## YOUR TASK
The output should be the listing below, limited to the lines from the one with "ZUEZ COLLECTİONE Erkek" through the one with "ガンダム The Origin", exact and without pictures.

## DATA FOR THIS EXERCISE
▬▬▬▬▬▬
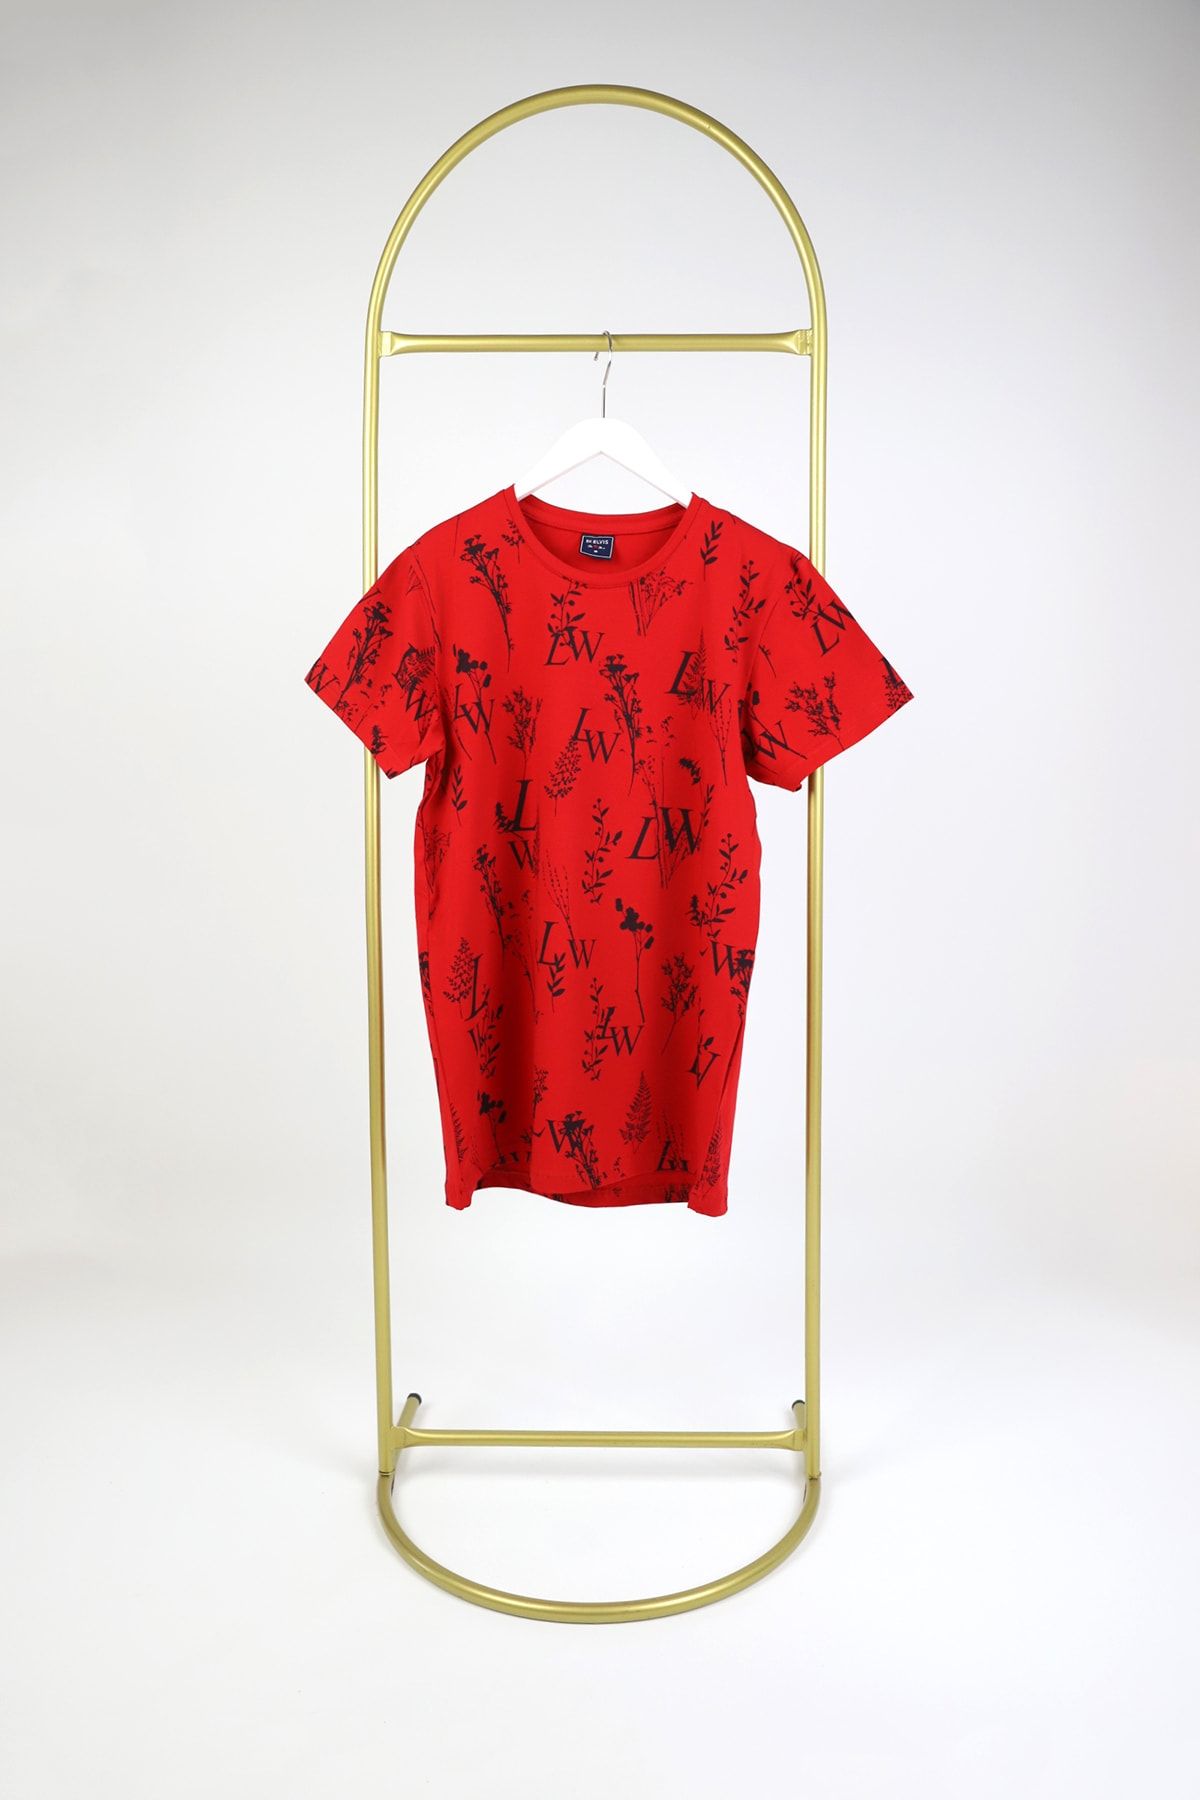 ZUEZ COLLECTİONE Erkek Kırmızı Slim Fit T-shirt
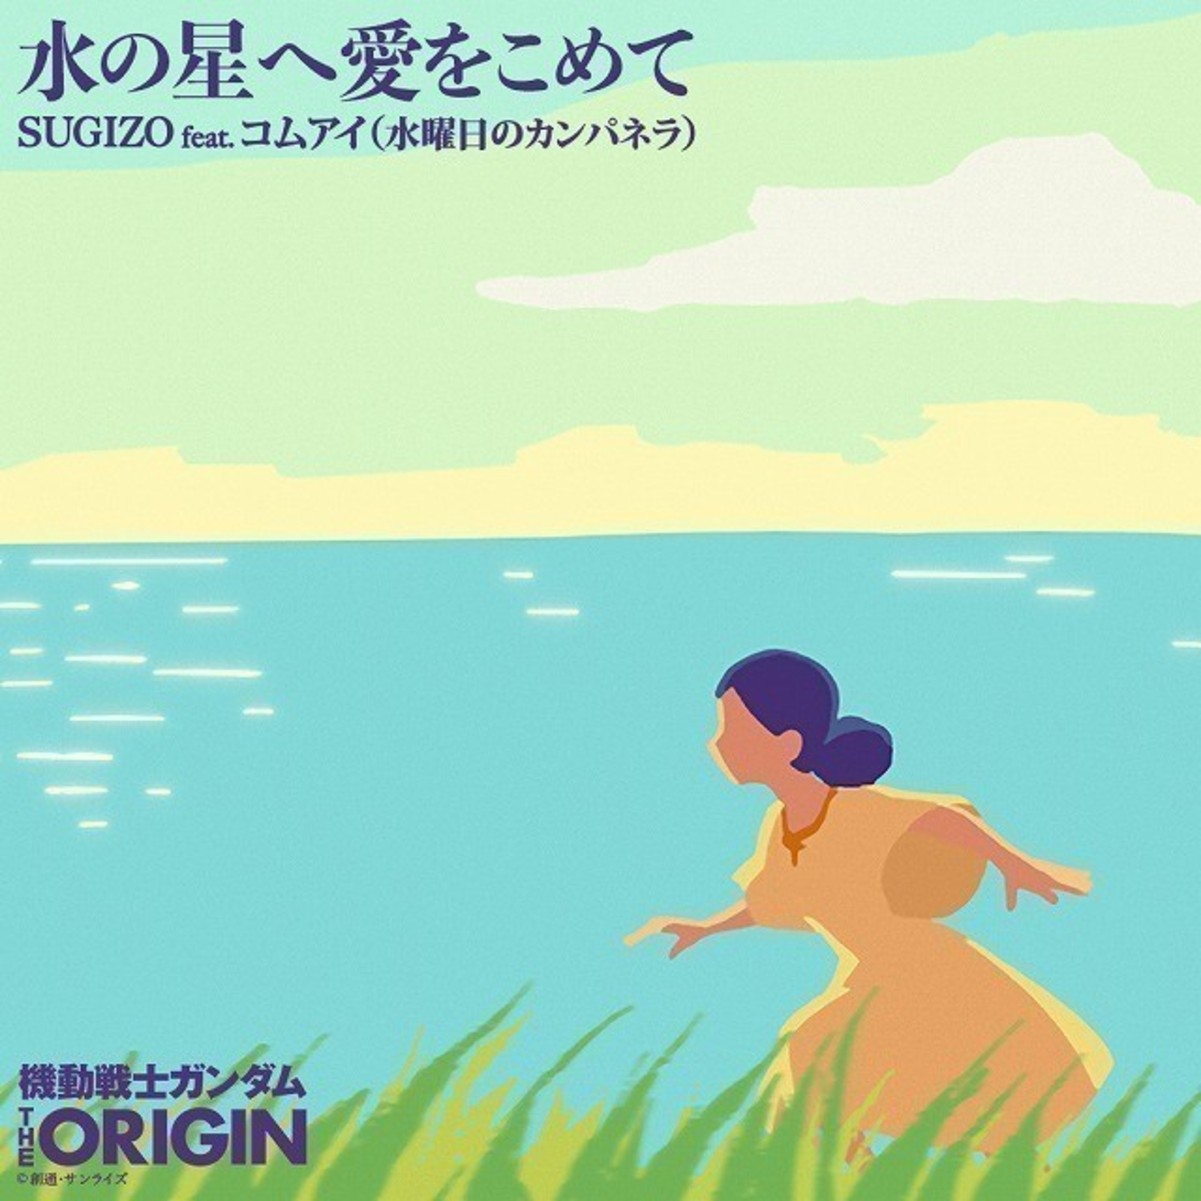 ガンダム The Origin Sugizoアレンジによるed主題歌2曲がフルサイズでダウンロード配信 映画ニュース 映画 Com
▬▬▬▬▬▬
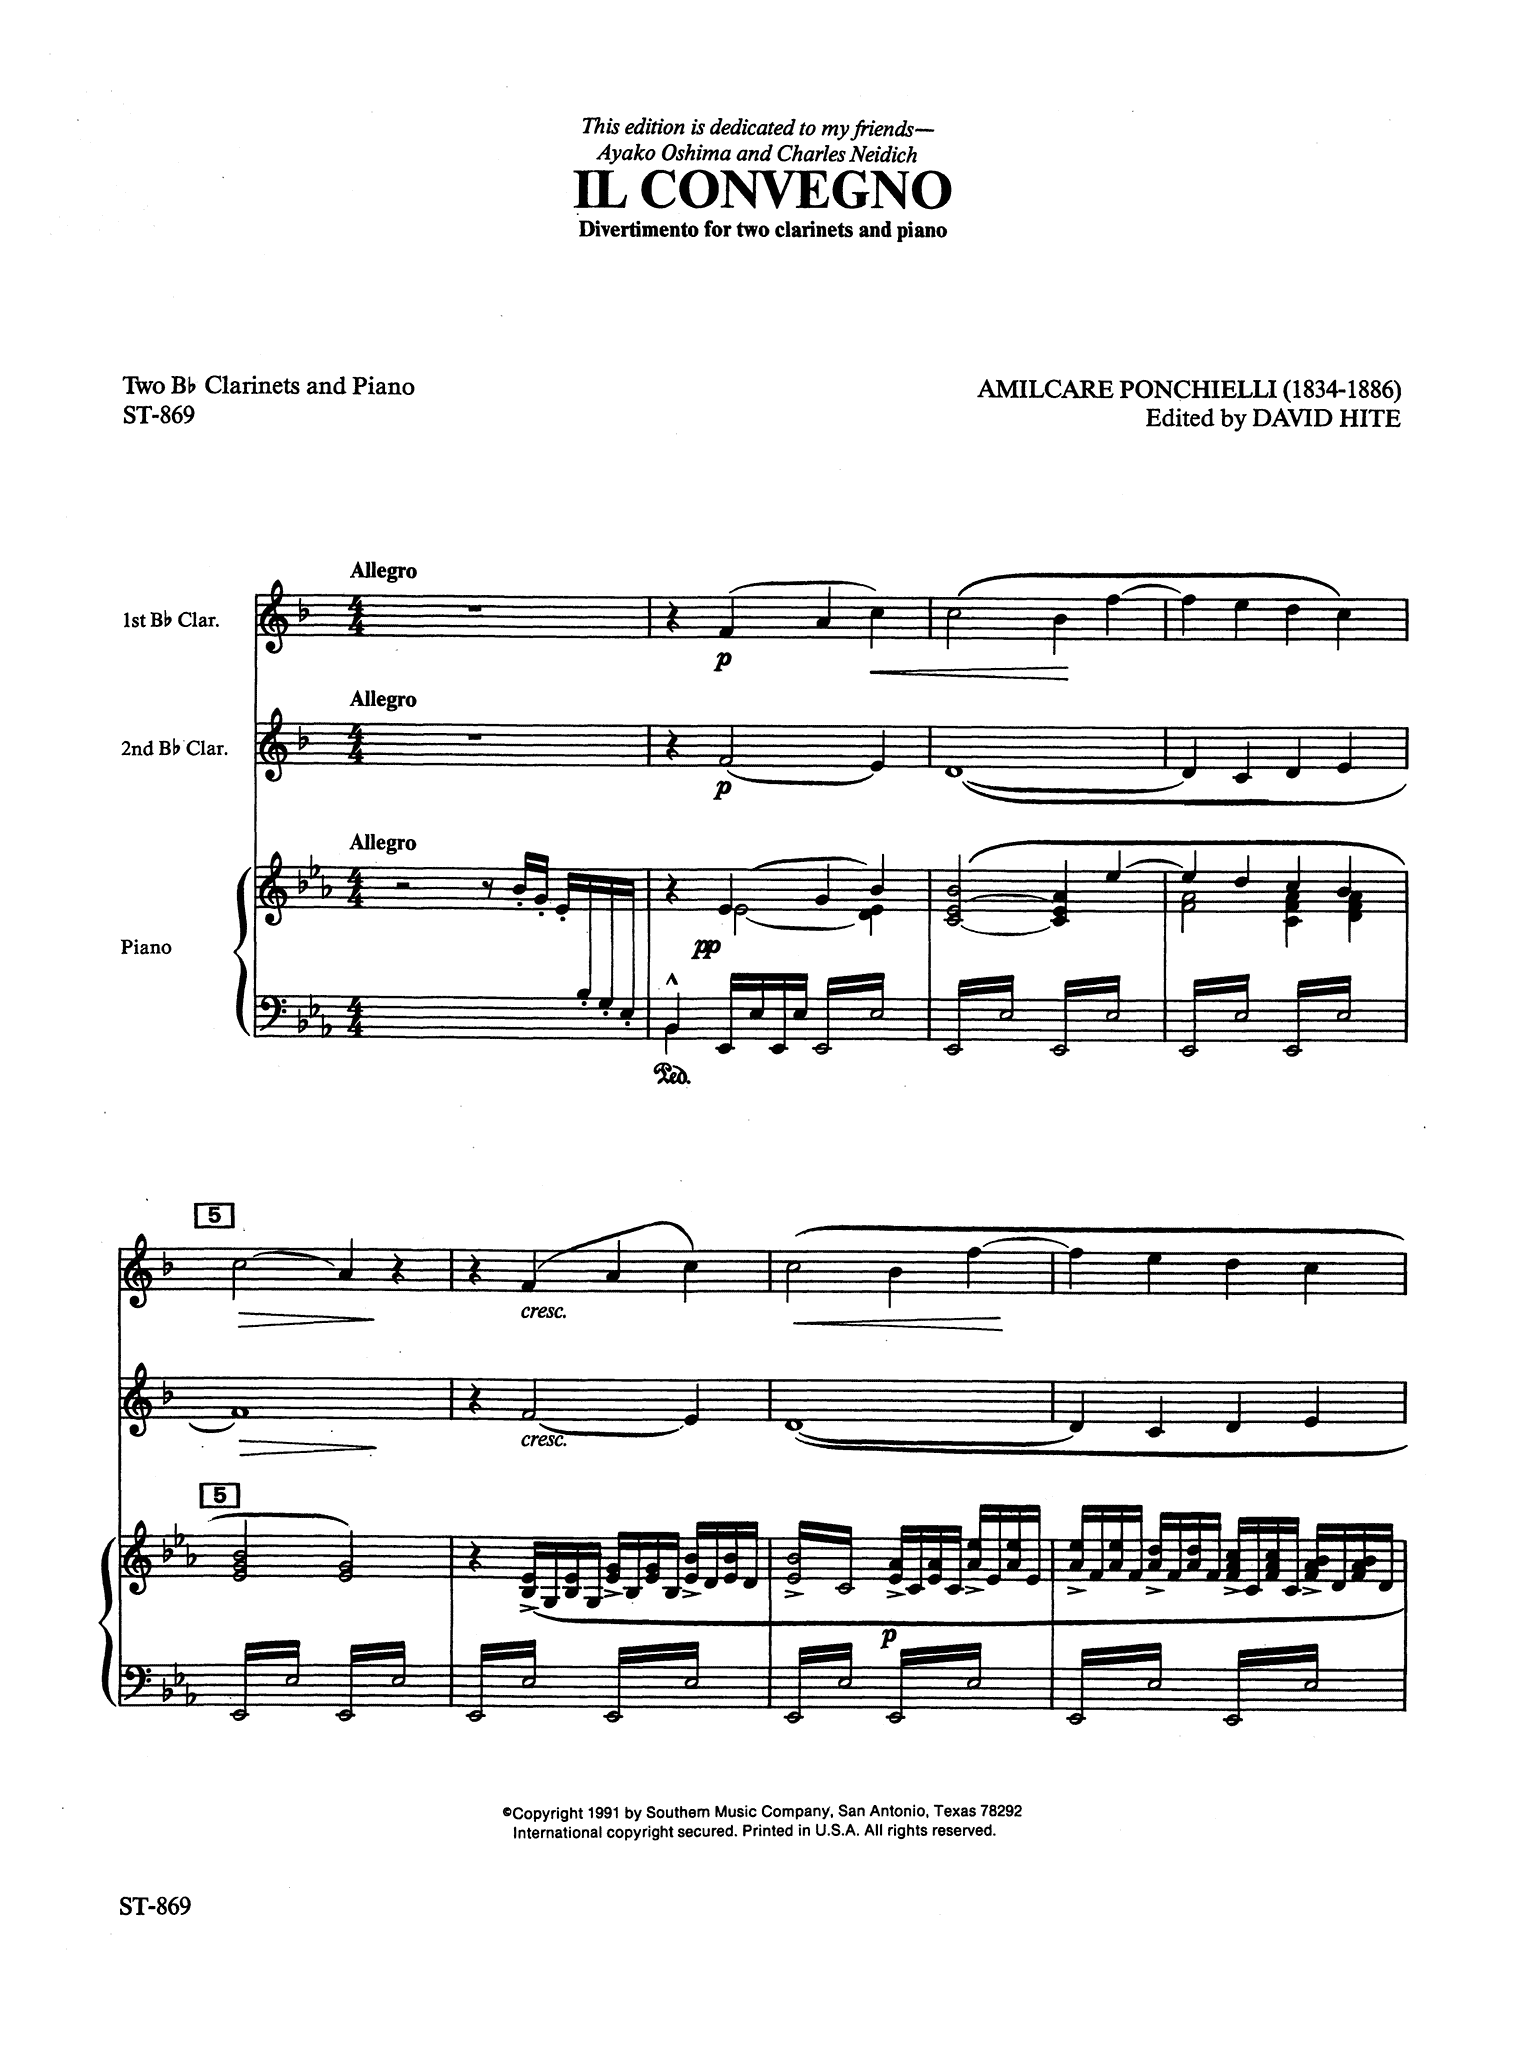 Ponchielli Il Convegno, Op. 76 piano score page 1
▬▬▬▬▬▬
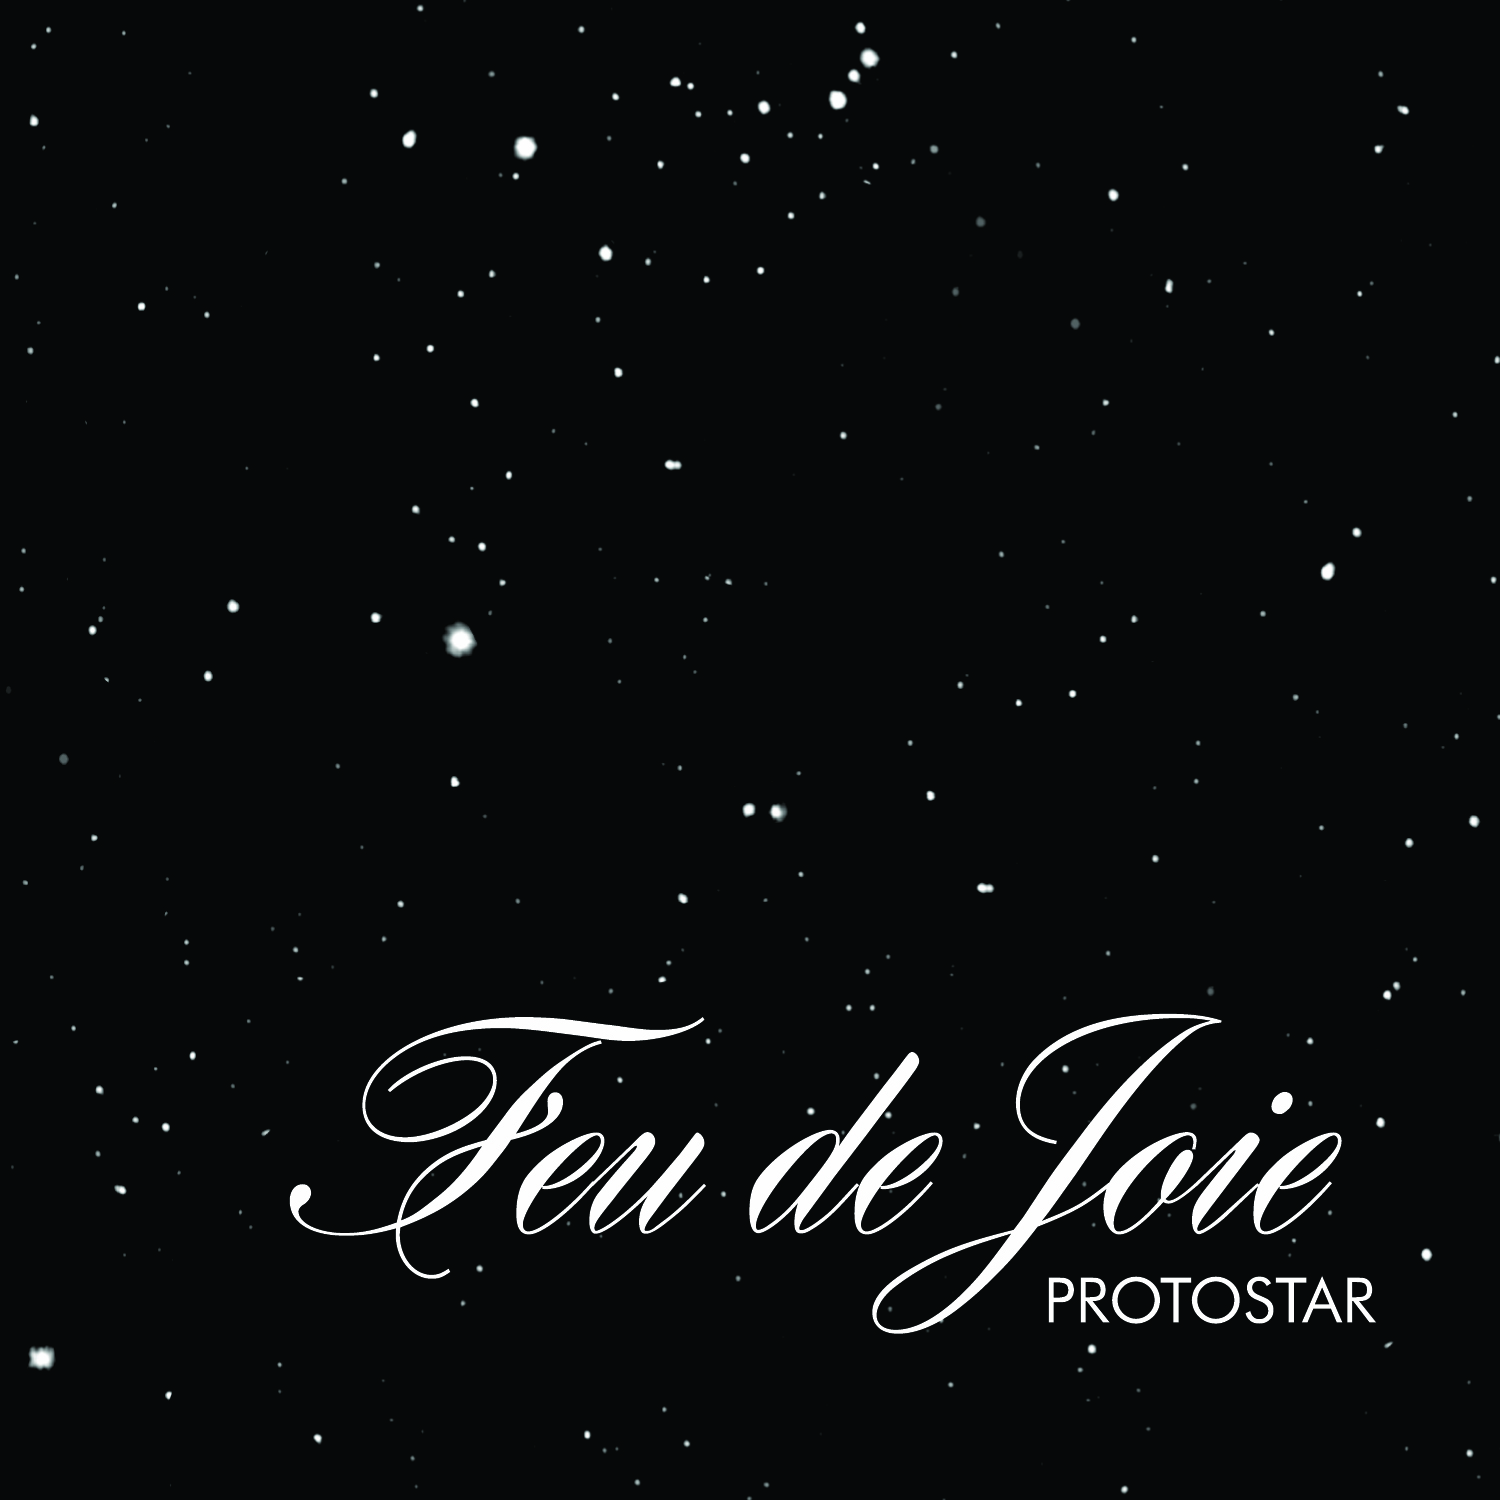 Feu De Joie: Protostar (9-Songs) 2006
▬▬▬▬▬▬
## SOLUTION TO THIS TASK
 ZUEZ COLLECTİONE Erkek Kırmızı Slim Fit T-shirt
 ガンダム The Origin Sugizoアレンジによるed主題歌2曲がフルサイズでダウンロード配信 映画ニュース 映画 Com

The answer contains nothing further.